The ruling does not affect the travel bans themselves. Entry restrictions under Proclamations 10949 and 10998 remain in force.
What Happens Next
As of June 7, 2026, the government has not filed an appeal or a motion to stay the ruling. Both are expected. The government could seek a stay in the District of Rhode Island or directly in the First Circuit, ask the Supreme Court for emergency relief if lower courts deny a stay, or re-promulgate narrower policies through notice-and-comment rulemaking with a stronger administrative record.
The stay question will determine the near-term effect. If the First Circuit stays the vacatur during appeal, the policies could effectively return and cases would remain frozen. If no stay is granted, USCIS will need to resume processing cases for nationals of the 39 countries, though the agency has not said how quickly it can implement the ruling or how it will prioritize the backlog.
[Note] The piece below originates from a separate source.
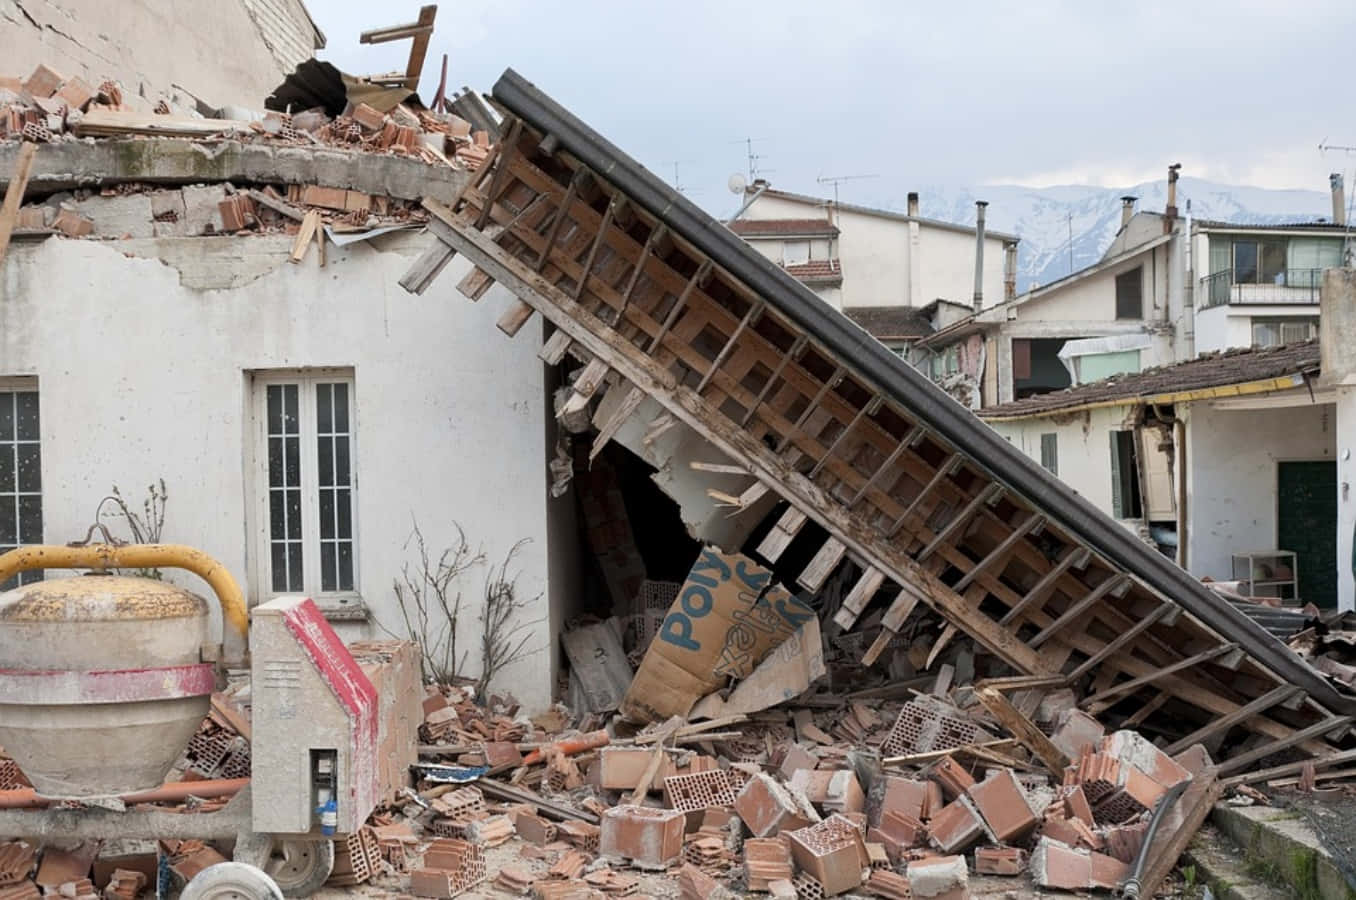 Earthquakes are natural disasters that can cause great destruction

Over 30 separate lawsuits challenging the Benefits Hold are pending across federal courts. The *Dorcas* vacatur is the first nationwide remedy, but the litigation will continue across multiple circuits as the government pursues its appeal.
Sources
Memorandum and Order, Dorcas International Institute of Rhode Island v. USCIS, No. 1:26-cv-00132 (D.R.I. June 5, 2026)
U.S. District Court for the District of Rhode Island
Open sourcePolicy Memorandum PM-602-0194: Pending Applications from Additional High-Risk Countries
USCIS
Open sourcePresidential Proclamation 10998: Restricting and Limiting the Entry of Foreign Nationals
Federal Register
Open sourceFederal Court Vacates USCIS Adjudication Pause Affecting Nationals of 39 Countries
Jackson Lewis (Global Immigration Blog)
Open sourceDorcas v. USCIS: Federal Court Reaffirms That USCIS Must Adjudicate, Not Stonewall, Immigration Benefits
Cyrus Mehta (Insightful Immigration Blog)
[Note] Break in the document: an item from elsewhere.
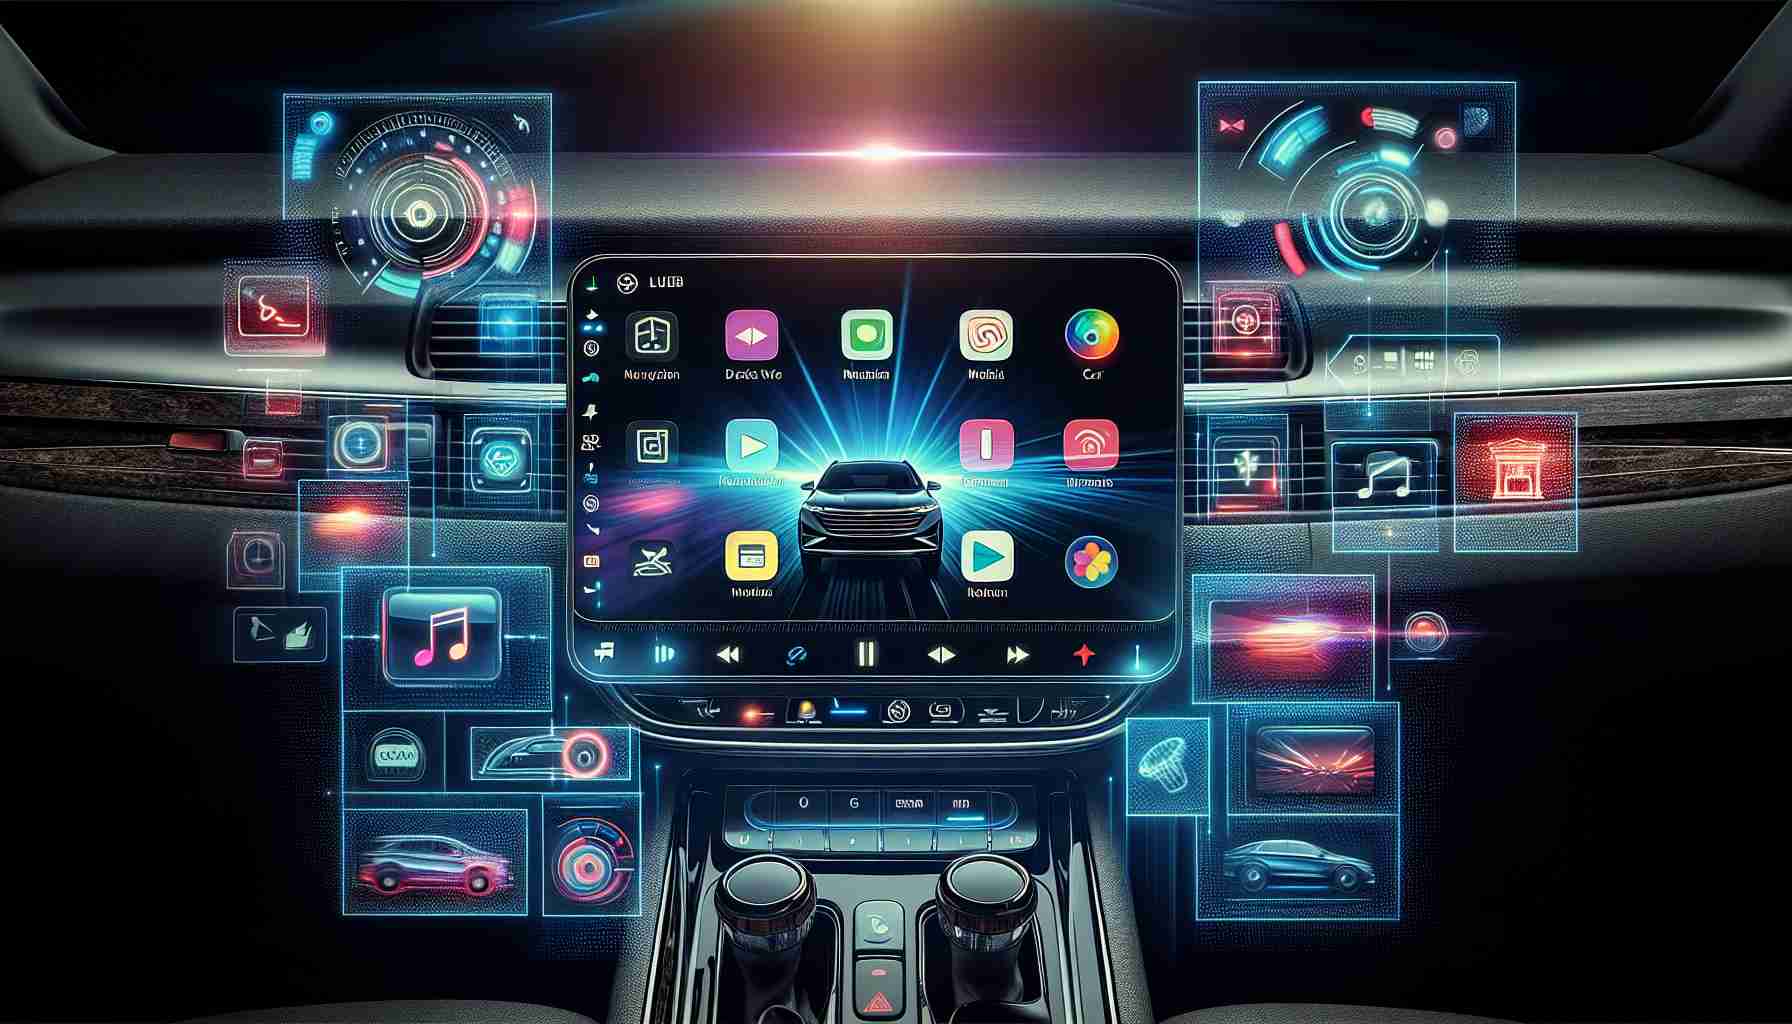 Android Auto Advances with Exciting Entertainment and Web Features

Open sourceBreaking: Federal Court Strikes Down USCIS Adjudication Pause for Travel Ban Countries
Reddy Neumann Brown PC
Open sourceFederal Court Vacates Trump-Vance Administration Policies Targeting Immigrants Based on Country of Origin
Democracy Forward
Open sourceFrequently asked
Has the USCIS benefits hold for 39 countries been struck down?
Yes. On June 5, 2026, the U.S. District Court for the District of Rhode Island vacated four USCIS policies — including the Benefits Hold under PM-602-0194 — that froze adjudications for nationals of 39 travel ban countries. Unlike prior injunctions limited to named plaintiffs, this vacatur provides nationwide relief. However, the government is expected to appeal and may seek a stay.
Does the Dorcas ruling affect my pending I-485 or EAD application?
If you are a national of one of the 39 designated countries with a pending I-485 adjustment of status, I-765 EAD, or I-131 advance parole application, the ruling removes the categorical freeze on your case. However, USCIS has not yet issued implementation guidance, and a government appeal could result in a stay that temporarily reinstates the holds. Consult an immigration attorney for case-specific advice.
Are India and China on the 39-country benefits hold list?
No. India, China, and the Philippines are not on the 39-country list. Nationals of those countries face separate challenges — including EB-2 India visa unavailability and severe priority date retrogression — but were not subject to the Benefits Hold vacated in the Dorcas ruling.
Can the government appeal the Dorcas ruling and reinstate the benefits hold?
Yes. The government is expected to appeal to the First Circuit Court of Appeals and may seek an emergency stay pending appeal. If a stay is granted, the vacated policies could be temporarily reinstated while the appeal proceeds. As of June 7, 2026, no appeal or stay motion has been filed.
Does this ruling end the travel ban itself?
No. The Dorcas ruling vacated USCIS adjudication policies only. The underlying travel bans — Presidential Proclamations 10949 and 10998 — remain in effect and continue to restrict entry to the United States from the 39 designated countries. Applicants should not travel internationally without legal advice and confirmed advance parole.